* TASK PROMPT: Below are the entries. Print only the lines starting at the one with "Motorola Moto G4" and ending at the one with "Au Petit Montmartre", exactly, with no pictures.

* MATERIAL PROVIDED:

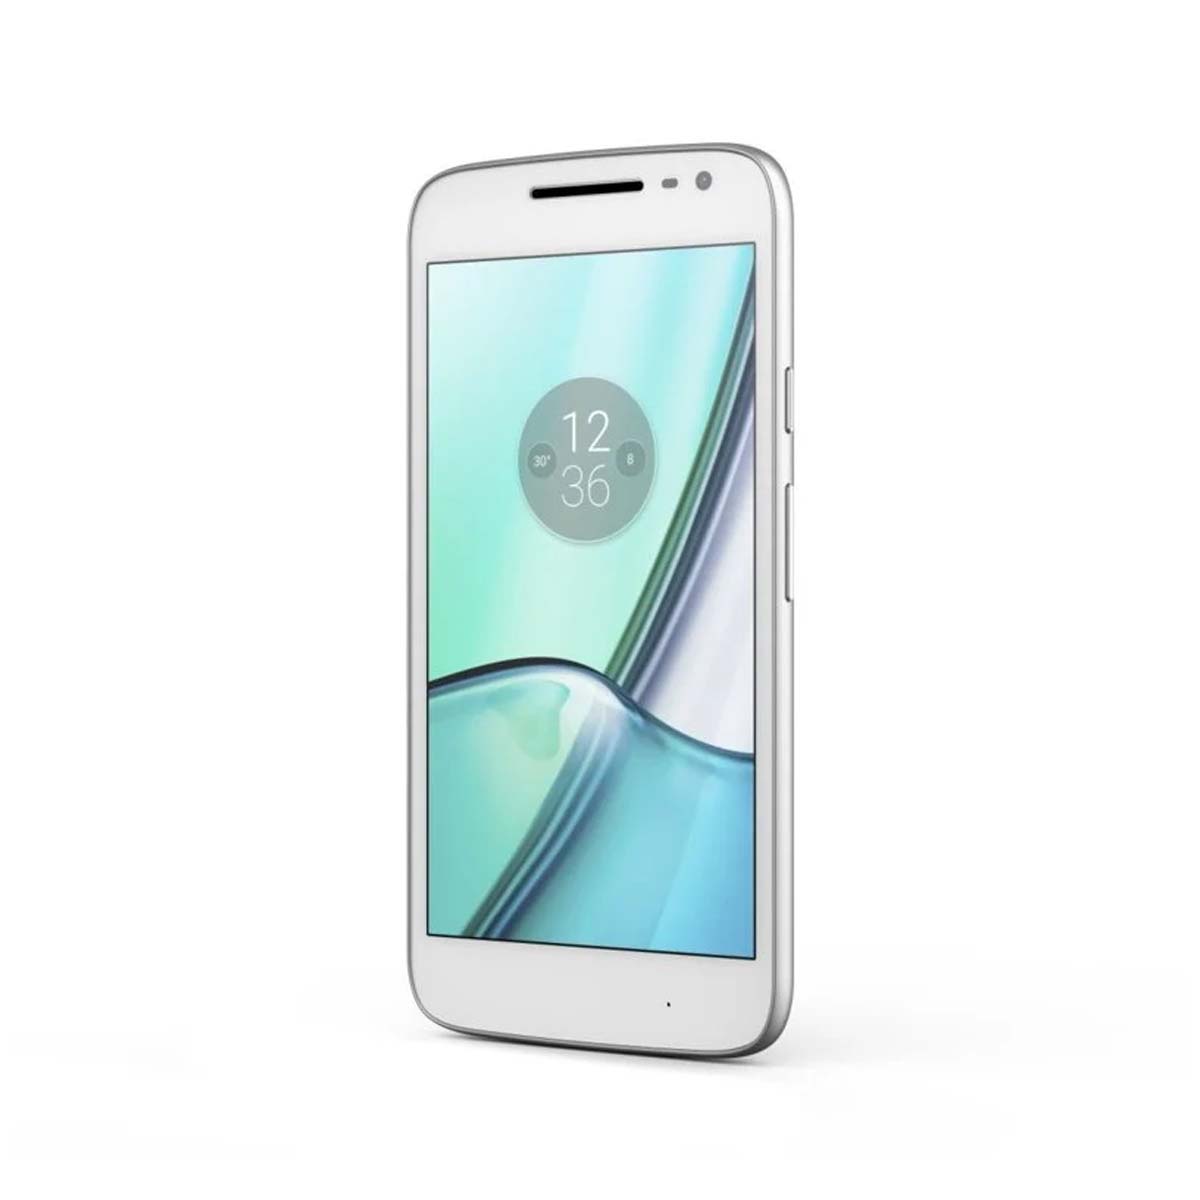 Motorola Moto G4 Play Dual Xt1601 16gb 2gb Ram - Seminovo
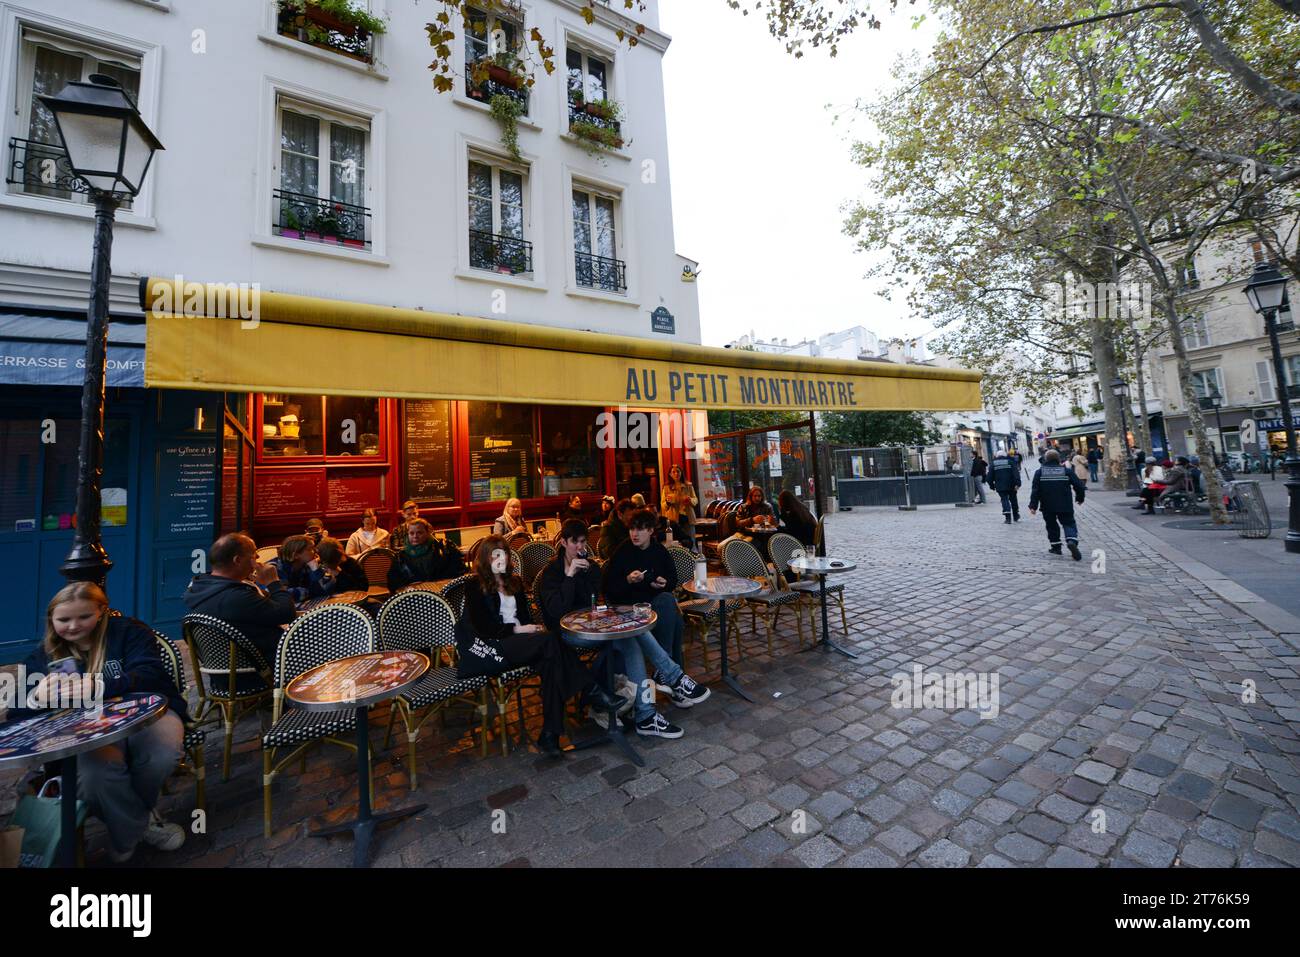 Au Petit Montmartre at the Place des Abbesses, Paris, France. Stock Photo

--

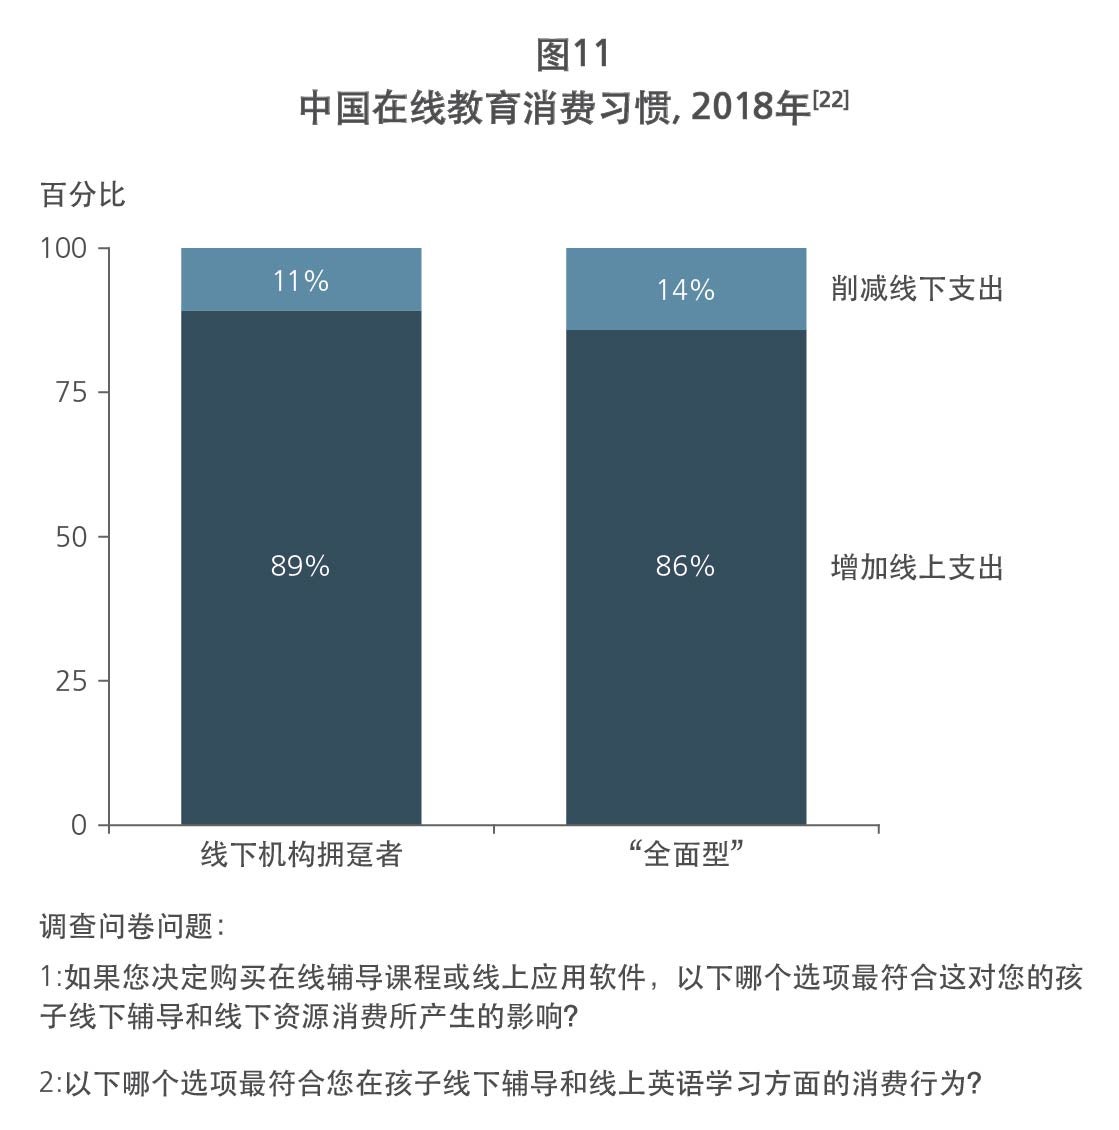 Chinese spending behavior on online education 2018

* SOLUTION TO THE EXERCISE:
 Motorola Moto G4 Play Dual Xt1601 16gb 2gb Ram - Seminovo
 Au Petit Montmartre at the Place des Abbesses, Paris, France. Stock Photo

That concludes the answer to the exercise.